Haigler asserts in his affidavit that when he returned to loosen Plaintiff's restraints, (Id.). Plaintiff did not ask Haigler to use the restroom. (Id. at ¶ 40). Haigler states that if Plaintiff had asked Haigler to use the restroom, Haigler would have noted it on the Daily Report. (Id.). There is no such notation on Plaintiff's Daily Report. (Doc. 48-10 at 5). Plaintiff's Daily Report log reveals that he had urinated on himself on or before 6:25 p.m. on January 2, 2011. (Doc. 48-2 at ¶ 41; Doc. 48-10 at 5). Haigler was not assigned to Anson N at that time. (Doc. 48-2 at ¶ 41; Doc. 48-9 at 6; 7: Shift Log). A second notation reveals a second urination incident at or before 8:01 p.m. (Doc. 48-10 at 5). Haigler and the nurse had just started medication rounds at 8:01 p.m. and were on the other side of Anson N. (Doc. 48-2 at ¶ 41). Plaintiff's segregation log reveals that after Haigler loosened Plaintiff's handcuffs, correctional personnel checked on Plaintiff four more times. (Id. at ¶ 42; Doc. 48-10 at 5). There is no notation indicating that Plaintiff requested to use the restroom, or any further reports of Plaintiff urinating on himself. (Doc. No. 48-2 at ¶ 42; Doc. 48-10 at 5). During the period Plaintiff was subjected to full restraints, medical personnel checked on his physical condition at his cell on January 1, 2011, at 3:40 p.m. and on January 2, 2011, at an unknown time. (Doc. 48-12 at 2). Plaintiff voiced no medical complaint in either instance. (Id.).
In addition to the checks by medical personnel, a nurse also checked Plaintiff on January 2, 2011, at 11:30 p.m., two and one-half hours after Haigler loosened Plaintiff's handcuffs. (Id. at 3). At that time, the nurse found good pulses and capillary refill. (Id.). She was "able to get pinky finger between cuffs and wrist. [Inmate] yelling and belligerent." (Id.). No numbness was detected. (Id.). On January 3, 2011, at 12:30 p.m., a nurse assessed Plaintiff during sick call. She noted a black line near the ankle area with good pulses, pink nail beds, and rapid capillary refill. (Id. at 4). While Plaintiff claimed his foot was numb, his foot flexed in response to stimuli. (Id.). The nurse also noted a small bump on Plaintiff's left wrist, which she treated with an ice pack. (Id.).
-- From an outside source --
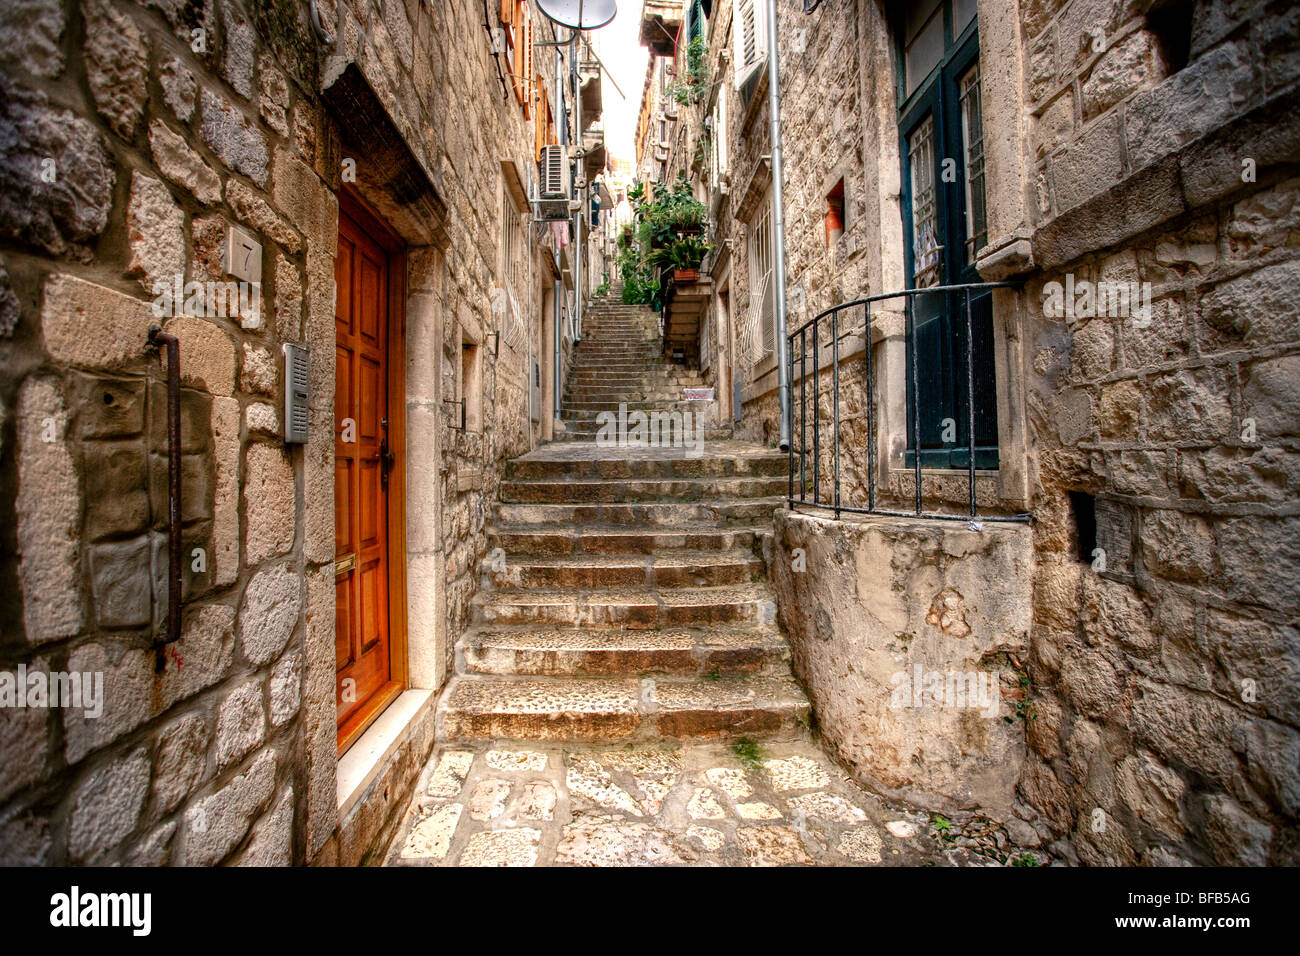 Back streets of old town Dubrovnik, Croatia Stock Photo

On January 13, 2011, Plaintiff submitted Grievance No. 4865-11-0058 ("Grievance No. 0058"). (Doc. 54-2 at ¶ 7: Ex. C, Bullock Aff.; Doc. 54-3: Ex. C-1, Grievance No. 0058). Unit Manager Glenn M. Bullock was assigned to conduct an investigation and provide the Step One grievance response to Plaintiff. (Doc. 54-2 at ¶ 8). Bullock spoke to members of all four shifts working on the Anson Unit during the period Plaintiff was on full restraints. (Doc. 54-2 at ¶ 8; Doc. 54-3 at 5). Staff reported to Bullock that they periodically checked on Plaintiff in accordance with policy. (Id.). Staff reported that, during some of these periodic checks, they offered Plaintiff an opportunity to use the restroom, and to stand, stretch, and exercise. (Id.). Staff reported that Plaintiff refused these offers out of protest against his being placed in restraints. (Id.).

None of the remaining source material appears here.